Methods Using XCR-1-DTR venus mice we were able to track and deplete at will cDC1 cells at different time points during immunotherapy. Tumor growth studies were performed with different types of immunotherapies (adoptive T cell transfer, anti-PD-1, anti-CD13 and anti-CTLA-4 mAbs). Flow cytometry and multiplex immunofluorescence were used to characterize CD8 T cell responses and intravital imaging was used to track the behavior of cDC1 and antitumor CD8 T cells.

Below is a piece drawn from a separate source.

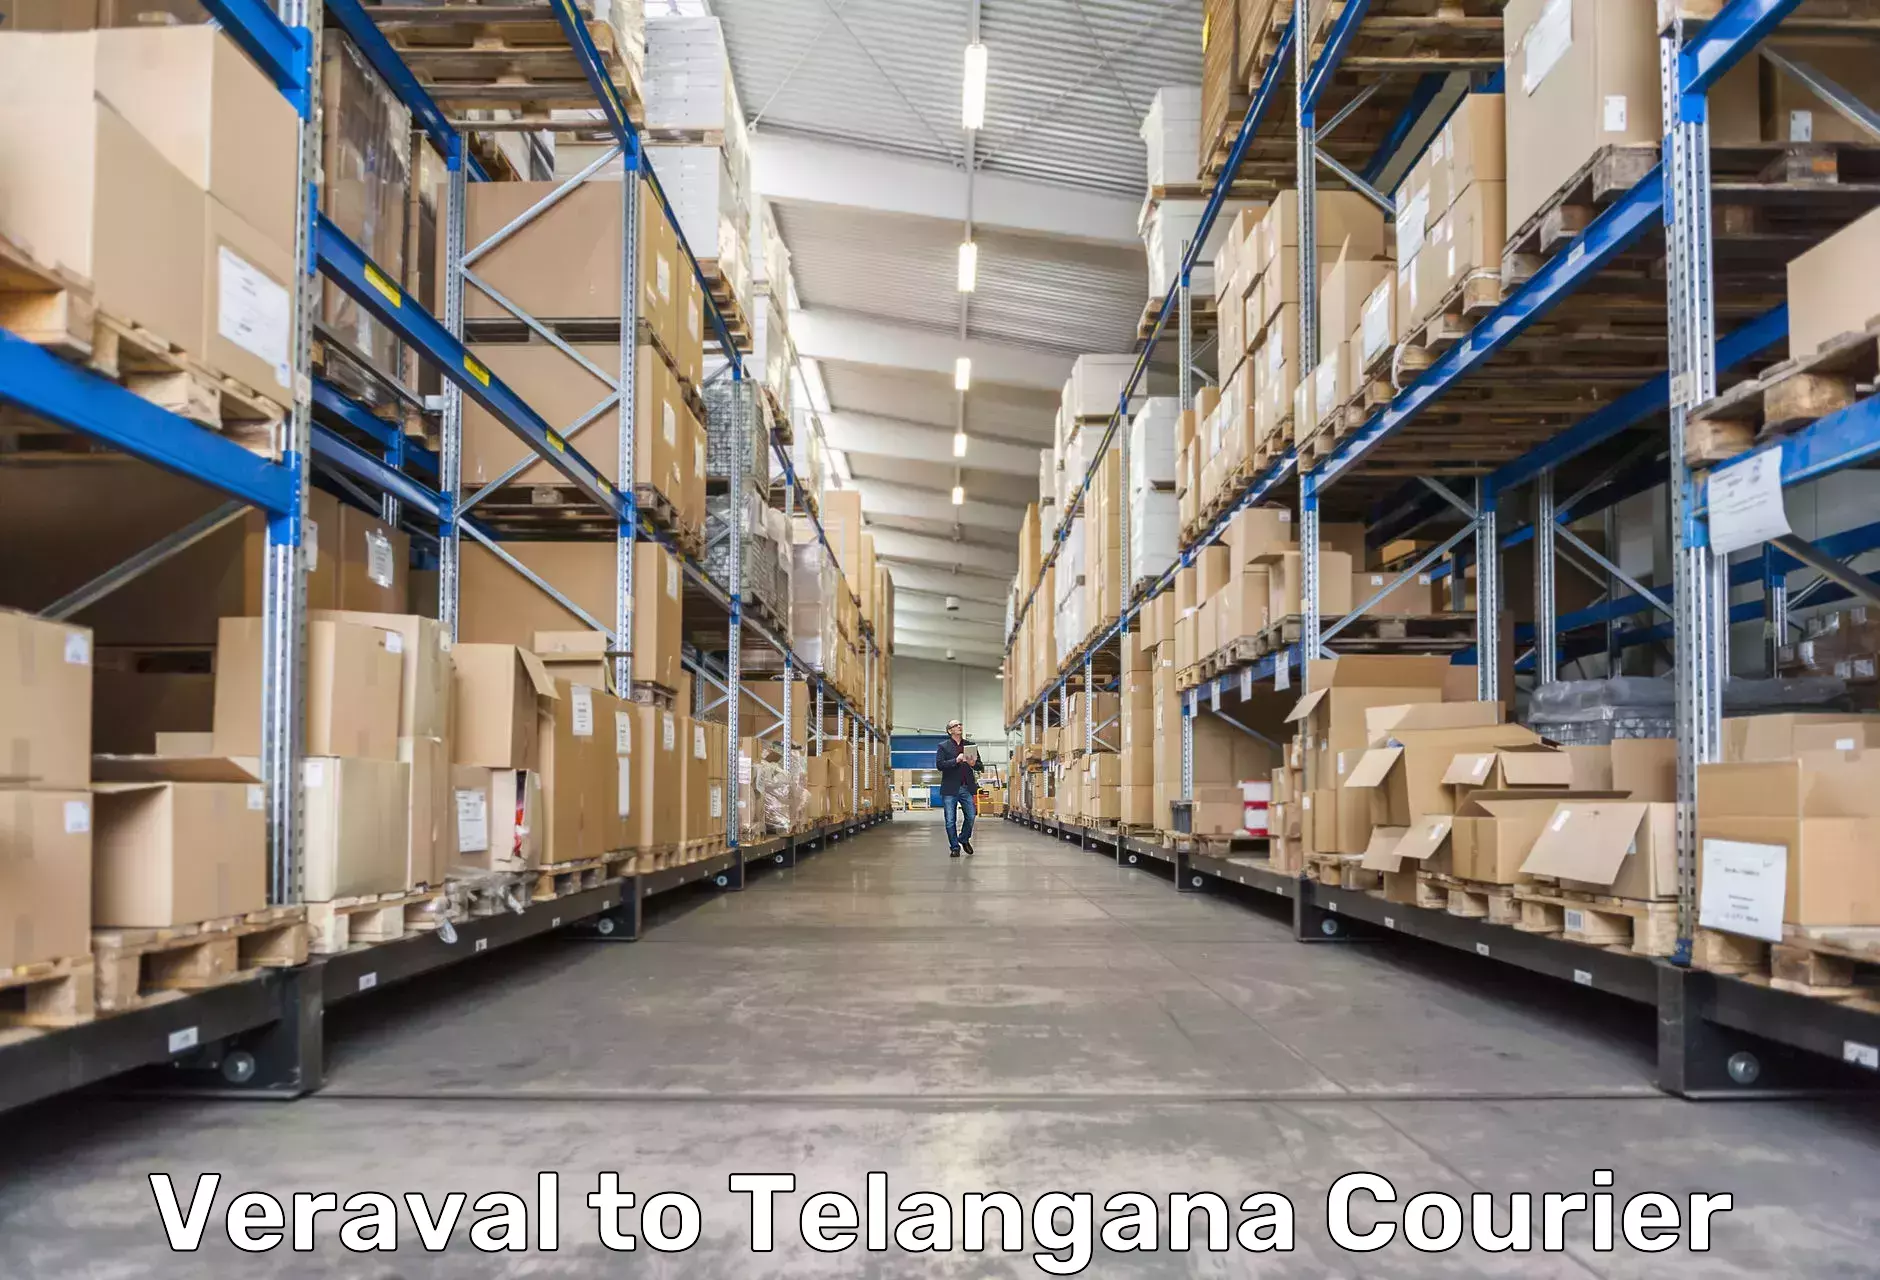 Scheduled delivery in Veraval to Balanagar

Results The presence of cDC1 cells was an absolute requirement at the onset of immunotherapy for most of the therapies tested but once the first dose of immunotherapy their absence had lesser impact on the antitumor response. We observed that immunotherapy affected cDc1 migratory capacities and interaction with anti-tumor T cells and that cDC1 were important to maintain a pool of TCF7+ CD8 cells in the TDLN and to some extent in the tumor preventing T cell exhaustion during immunotherapy.
Conclusions cDC1 presence is important during the onset of various immunotherapies to maintain CD8 T cell stemness and as a consequence to allow tumor rejection. However once immunotherapy has already been established cDC1 requirement is less pronounced.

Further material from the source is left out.